About 35 of us lined up to race on Sunday morning in College Park, a neighborhood of historic homes near the Atlanta airport. It was the Masters race, so three fields combined into one: 35+, 45+, and my group, 55+. There aren’t many 55+ crit racers — at least not on this Sunday. I counted four of us. The younger groups were mainly Cat 1s, 2s, and 3s, serious racers in their day — many of them serious racers on this day. And they typically set a serious pace, just a tick or two slower than the 20-something Cat 2s and 3s.

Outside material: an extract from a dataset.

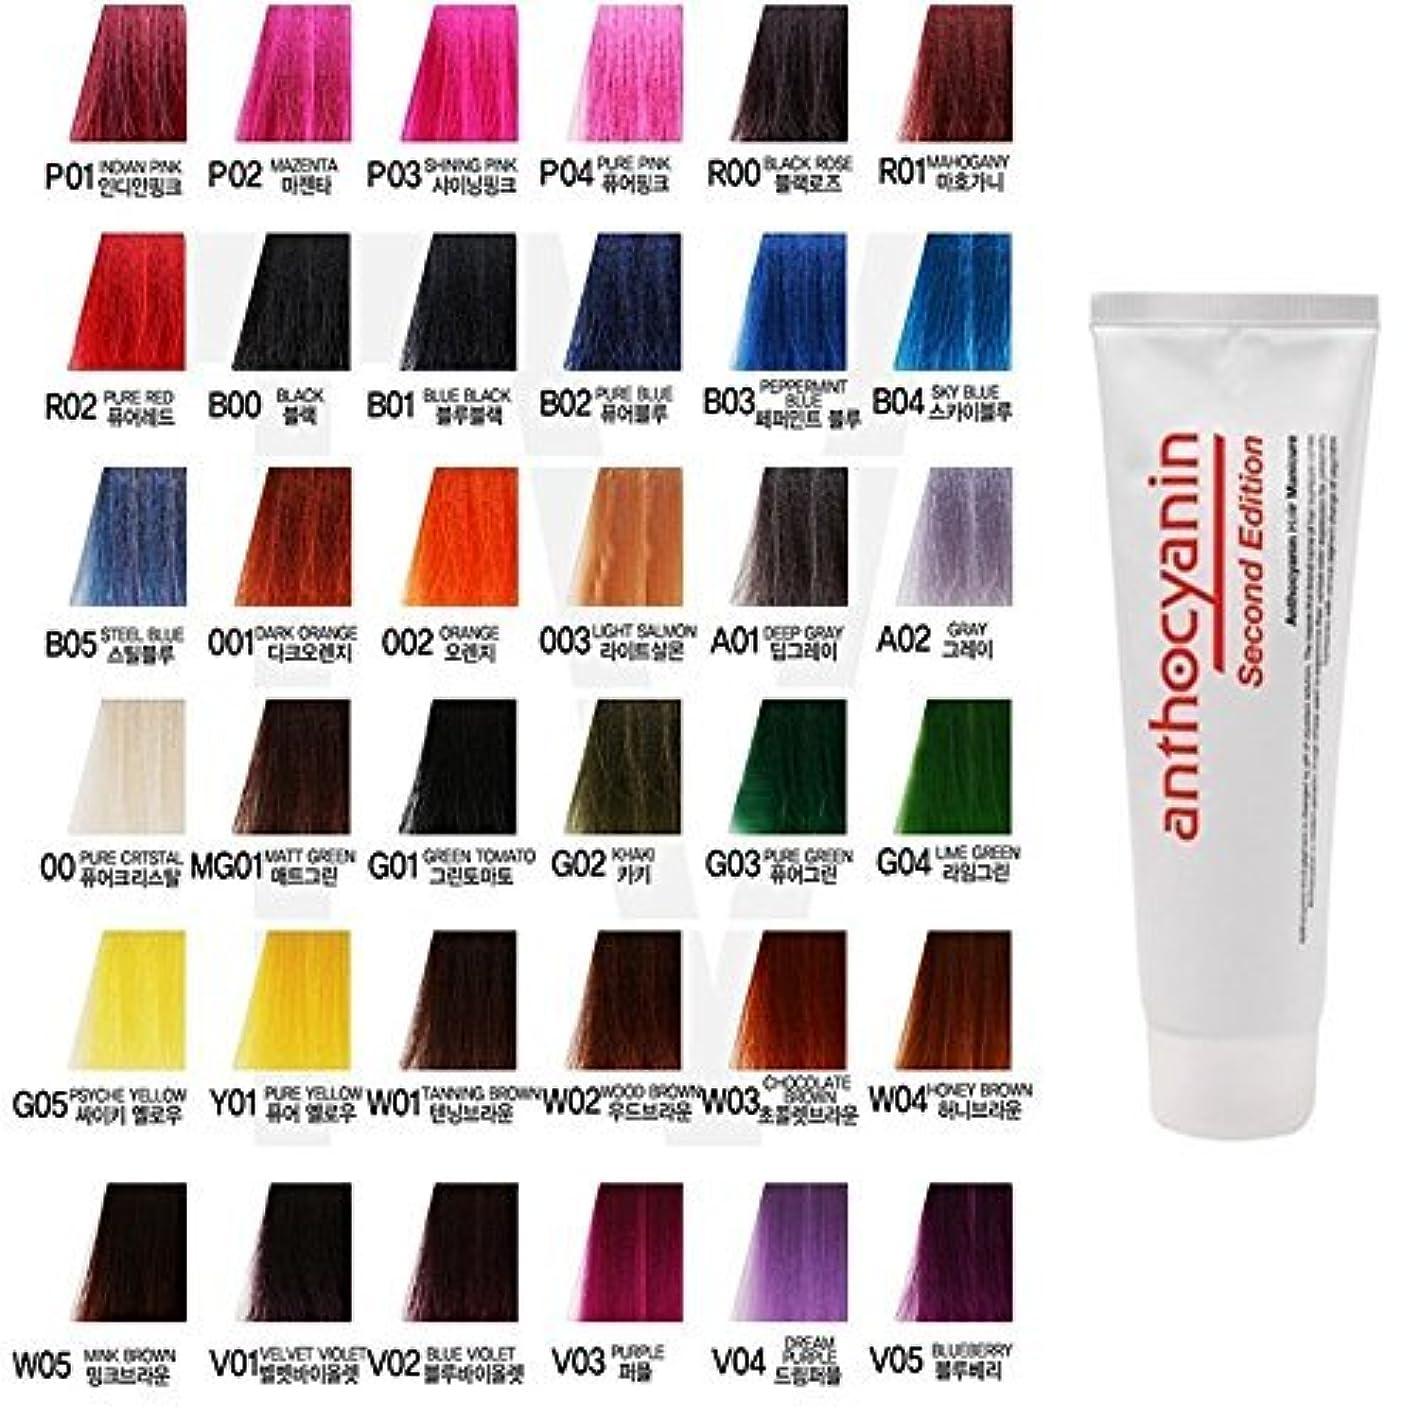 慣れている悪夢人生を作るヘア マニキュア カラー セカンド エディション 230g セミ パーマネント 染毛剤 ( Hair Manicure Color Second Edition 230g Semi Permanent Hair Dye) [並行輸入品] (O02 Orange)
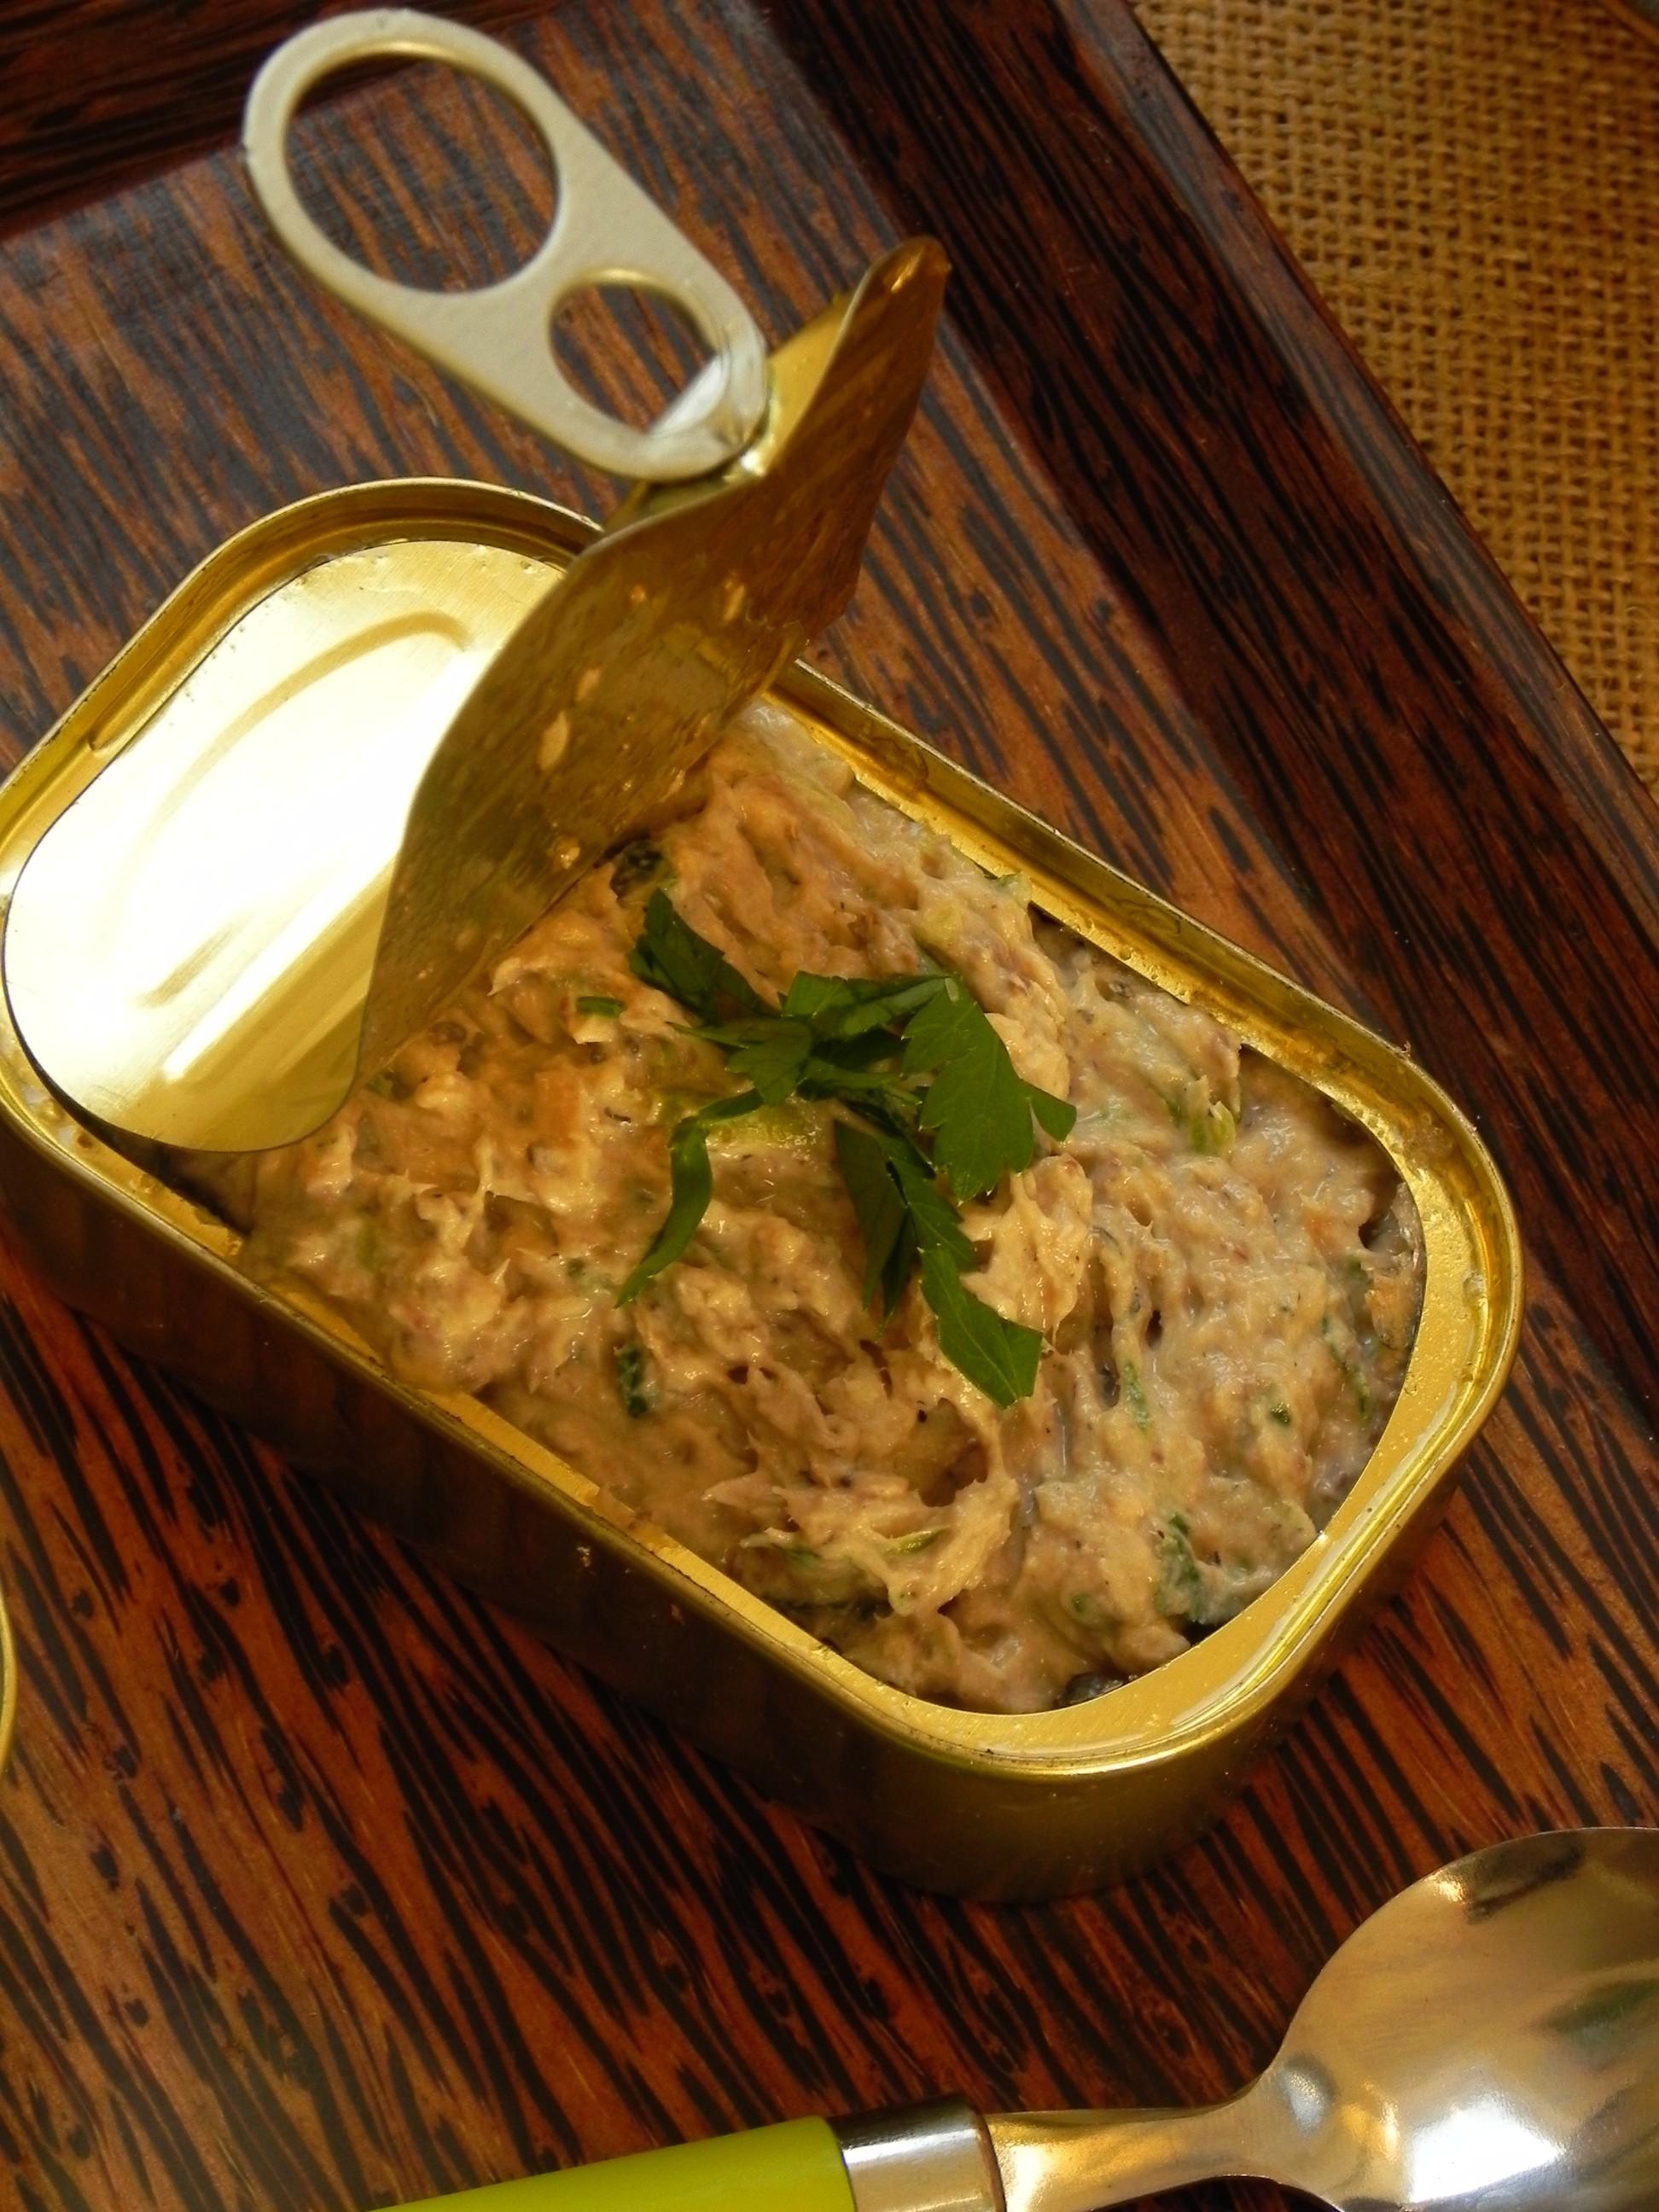 Rillettes De Sardines Moutarde : rillettes, sardines, moutarde, Rillettes, Sardines, Plume, Cuisine

But at that pace, it didn’t take long for those of us in the 55+ group to get sorted to the back of the pack — and then off the back and into a race of our own. That’s when the race announcer, former Tour de France pro Frankie Andreu, set a goal for me without even knowing it.
Shortly after our race started, he stepped down to hand out medals to the junior racers from the race before ours. And by the time he got back to his microphone and his perch above the start/finish line, not only had I been dropped, but I was being lapped.
But I had just enough gas to hang on to the back of the pack for half a lap as they went past. And that’s when I heard Frankie: “And there’s Rick Swagler in Masters 55+. He’s always with the lead group.” Which was hilarious. It would have been completely accurate for him to say “he must have been lapped because he’s never with the lead group.”
But at that moment, as the younger guys (and one 55+ racer) moved on down the road, I decided that Frankie had set a goal for me: hang with the lead group for a full 40 minute race. As it was, I held a 35 second gap on the next 55+ racer, good enough for second place. But from here out that’s not good enough. Not until I finish on the same lap as the younger guys. Not until what Frankie said is true.